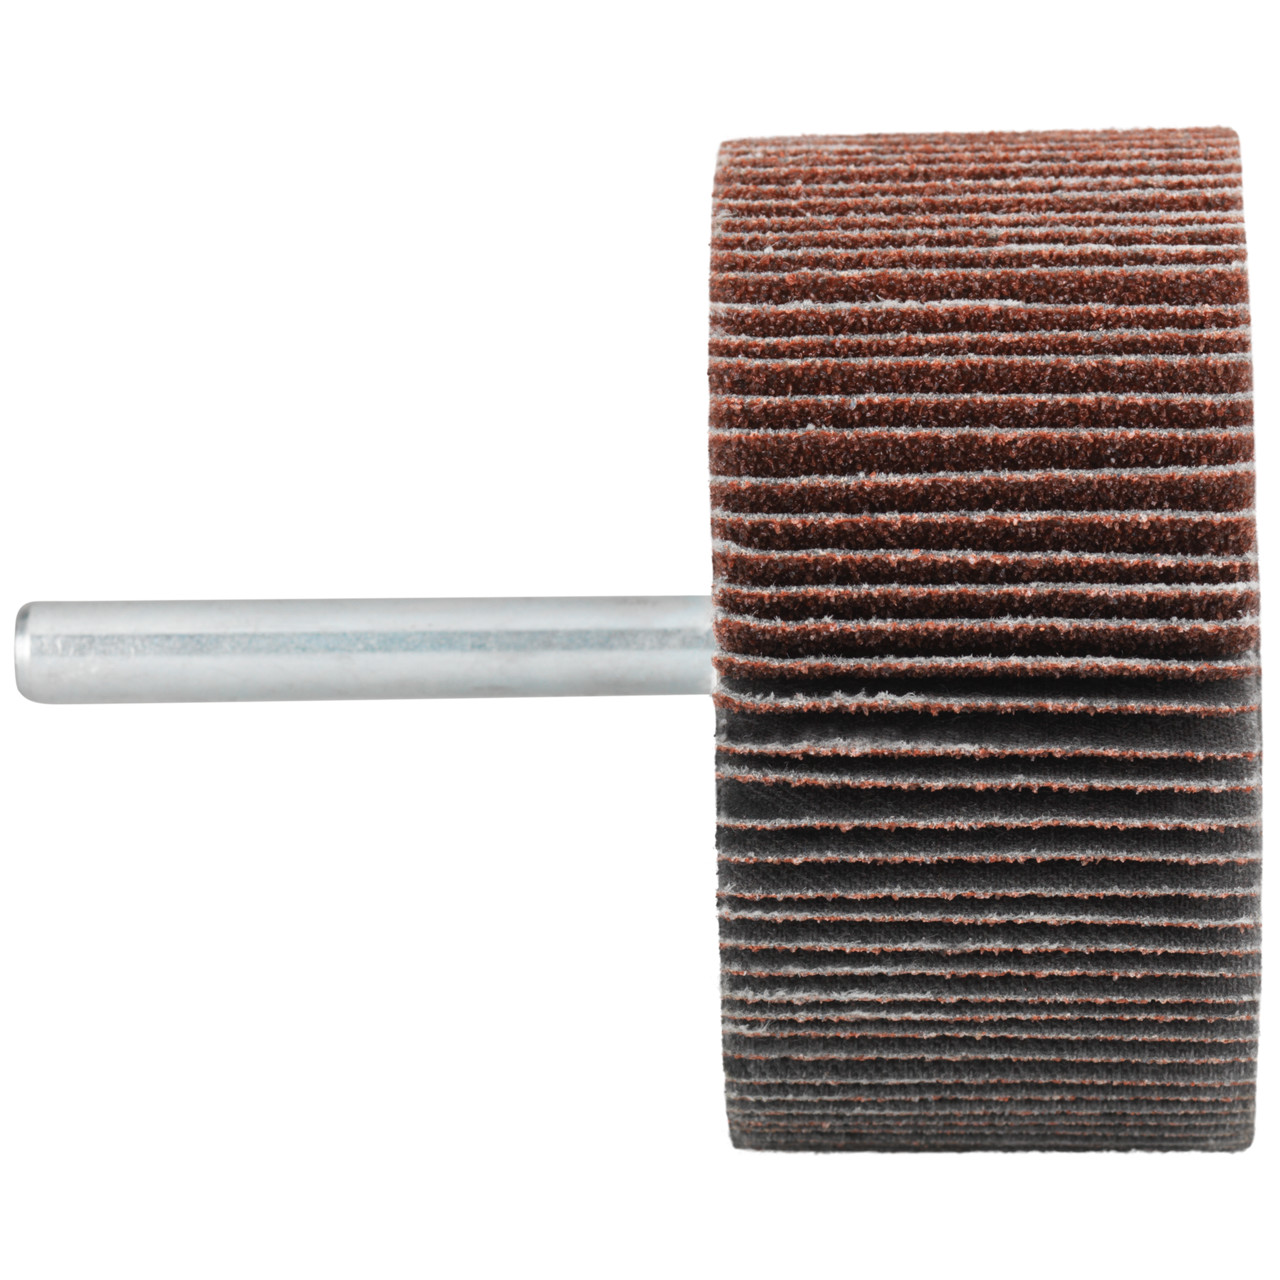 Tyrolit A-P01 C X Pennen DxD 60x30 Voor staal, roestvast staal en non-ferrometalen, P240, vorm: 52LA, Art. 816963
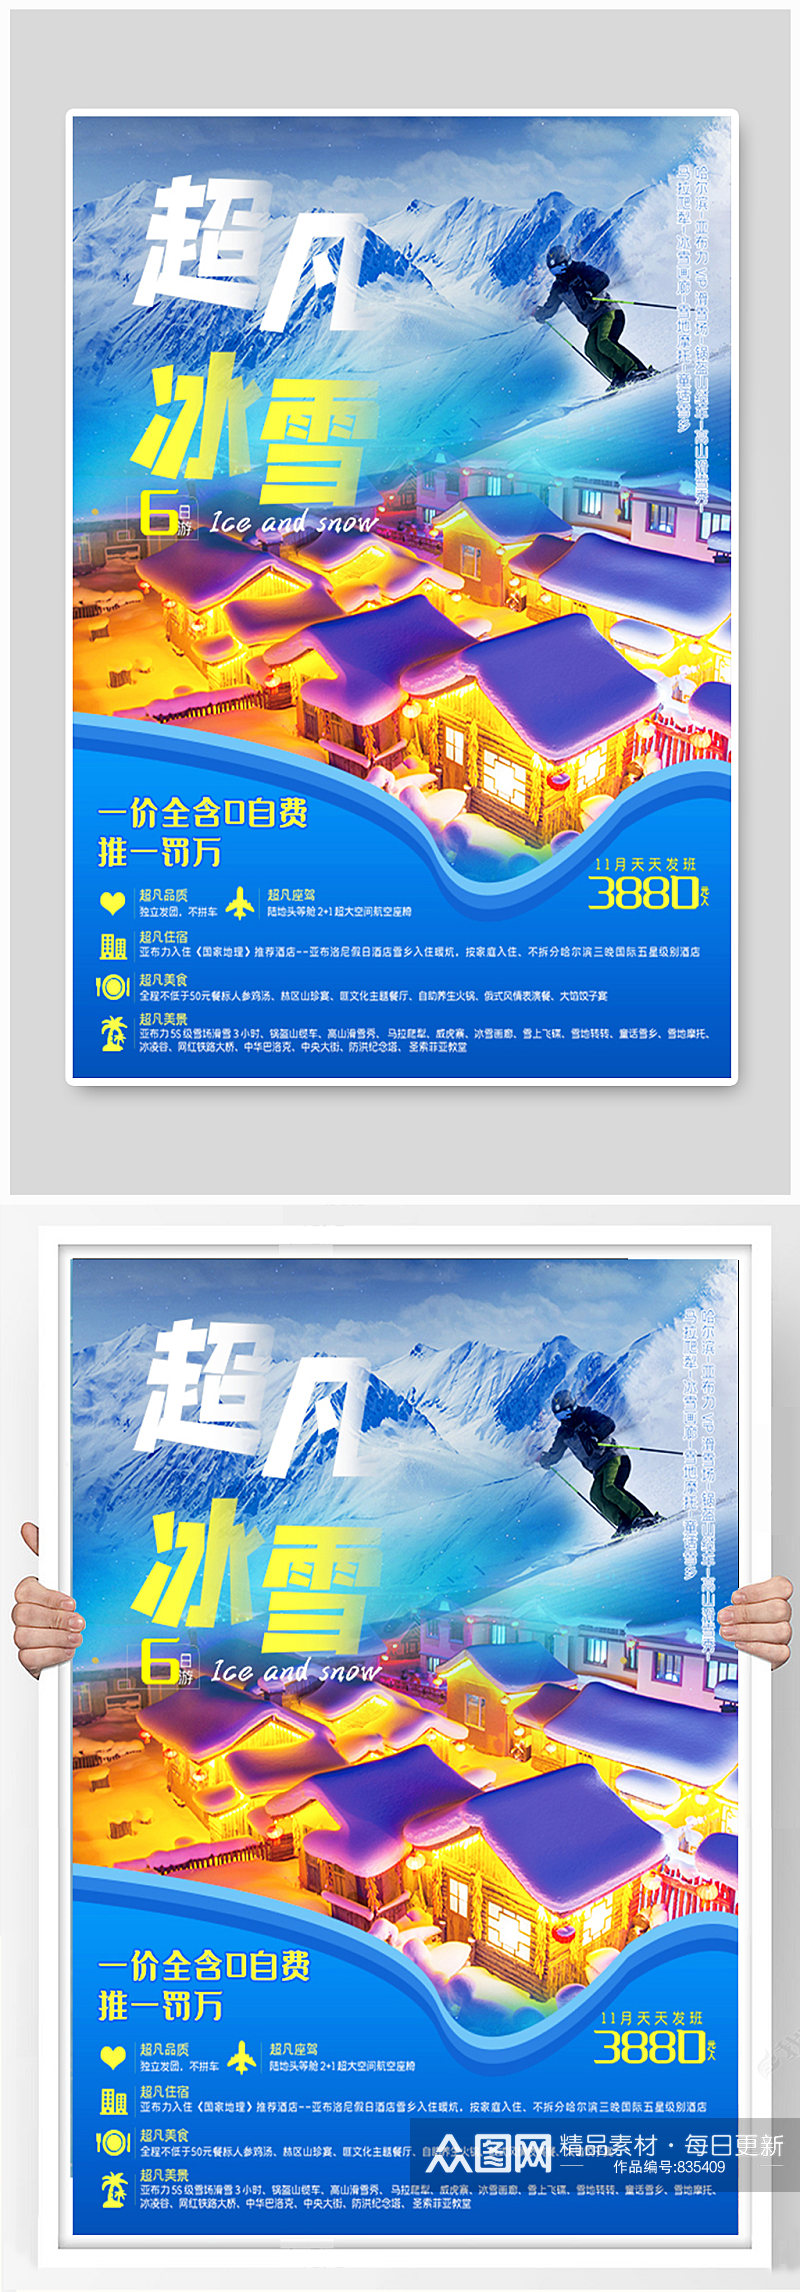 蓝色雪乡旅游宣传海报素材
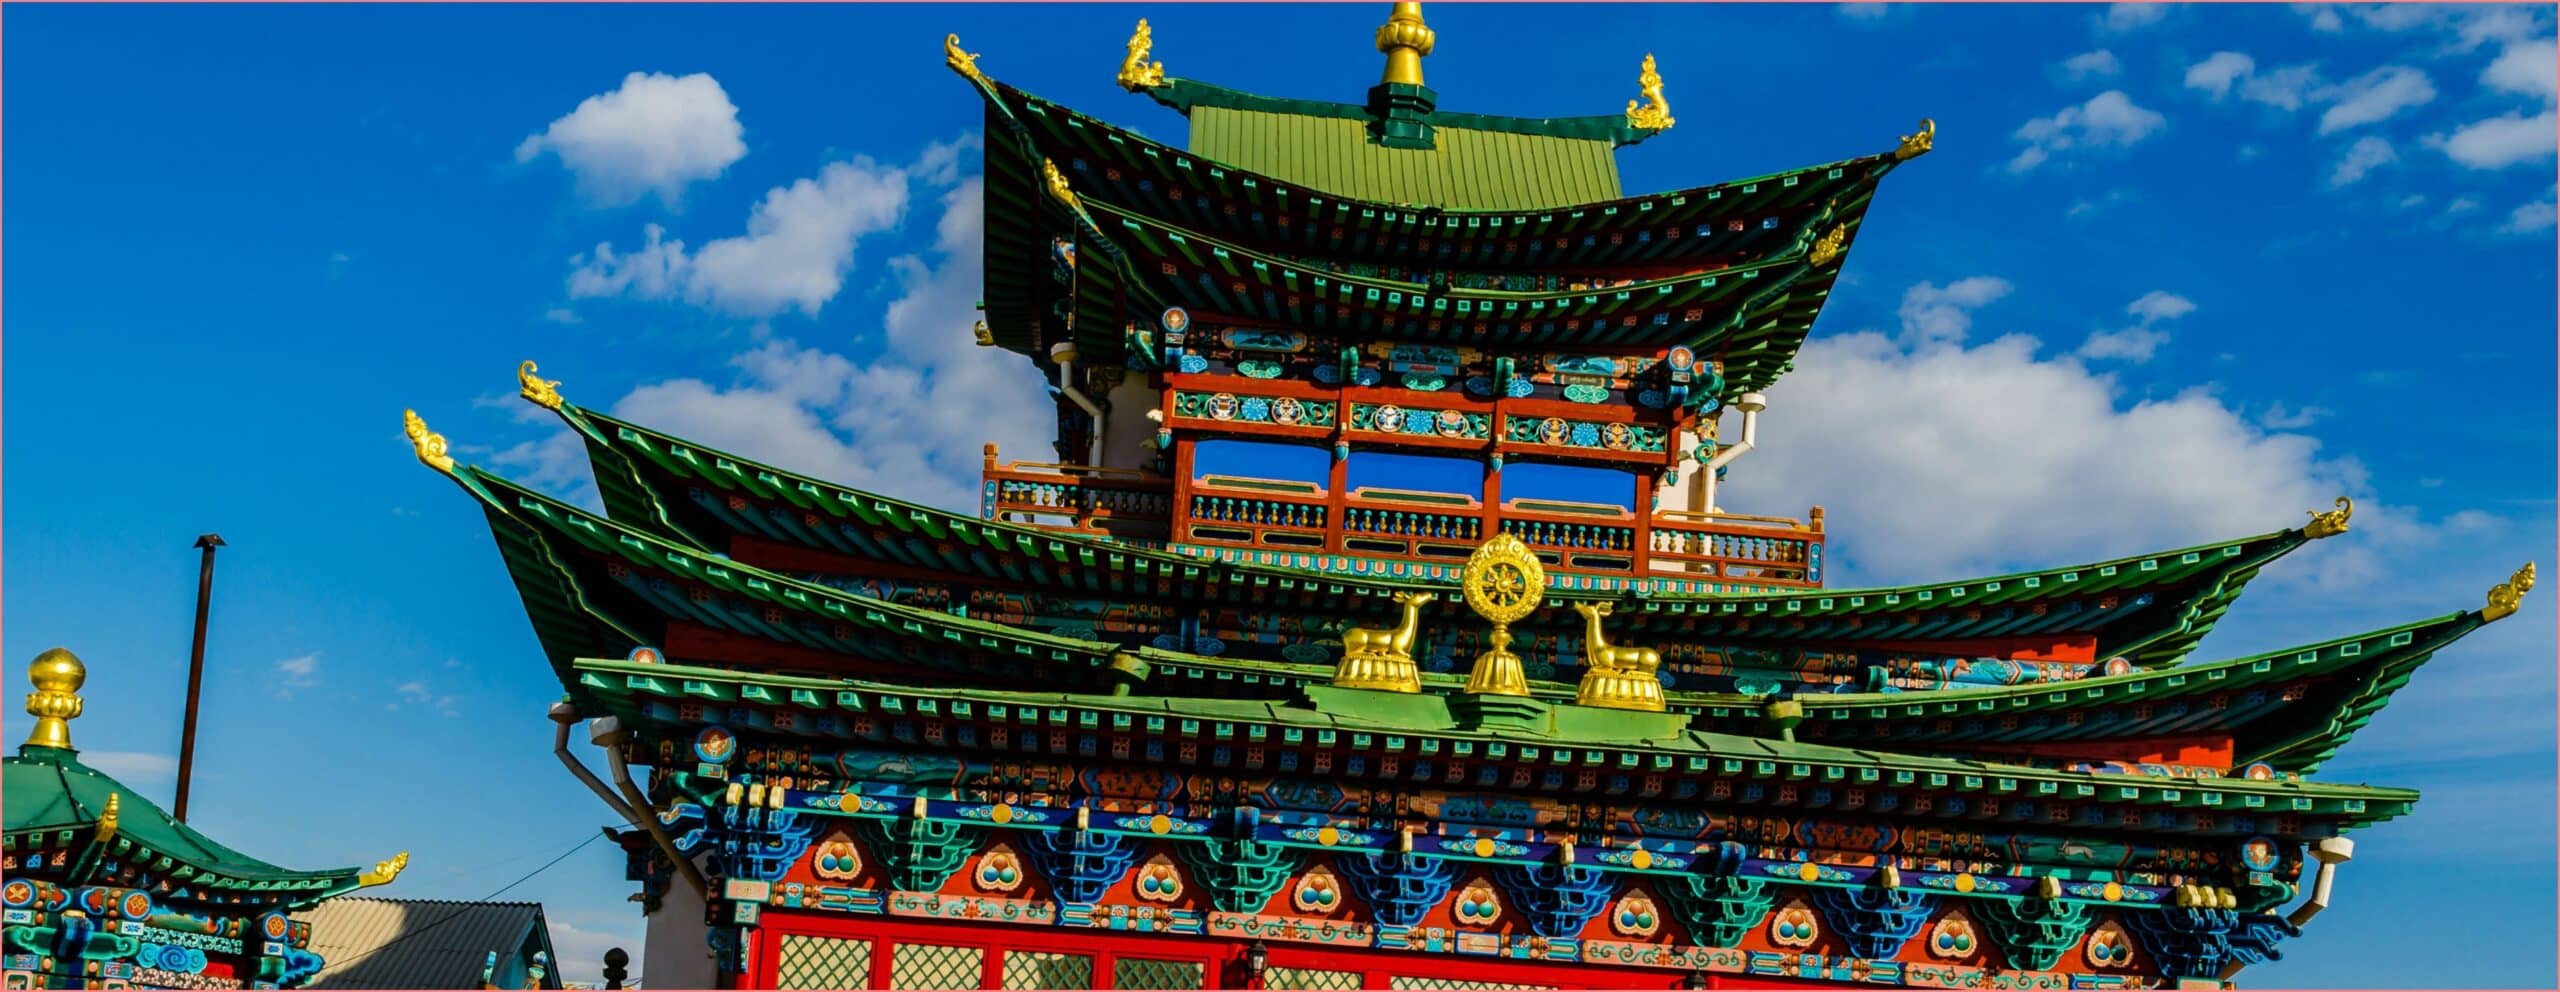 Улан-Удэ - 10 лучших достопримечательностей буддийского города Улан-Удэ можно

Exercise objective: Everything in the material must be duplicated exactly, except the pictures.

Exercise output:
 Tyrolit A-P01 C X Pennen DxD 60x30 Voor staal, roestvast staal en non-ferrometalen, P240, vorm: 52LA, Art. 816963
 蓝色雪乡旅游宣传海报素材
 Улан-Удэ - 10 лучших достопримечательностей буддийского города Улан-Удэ можно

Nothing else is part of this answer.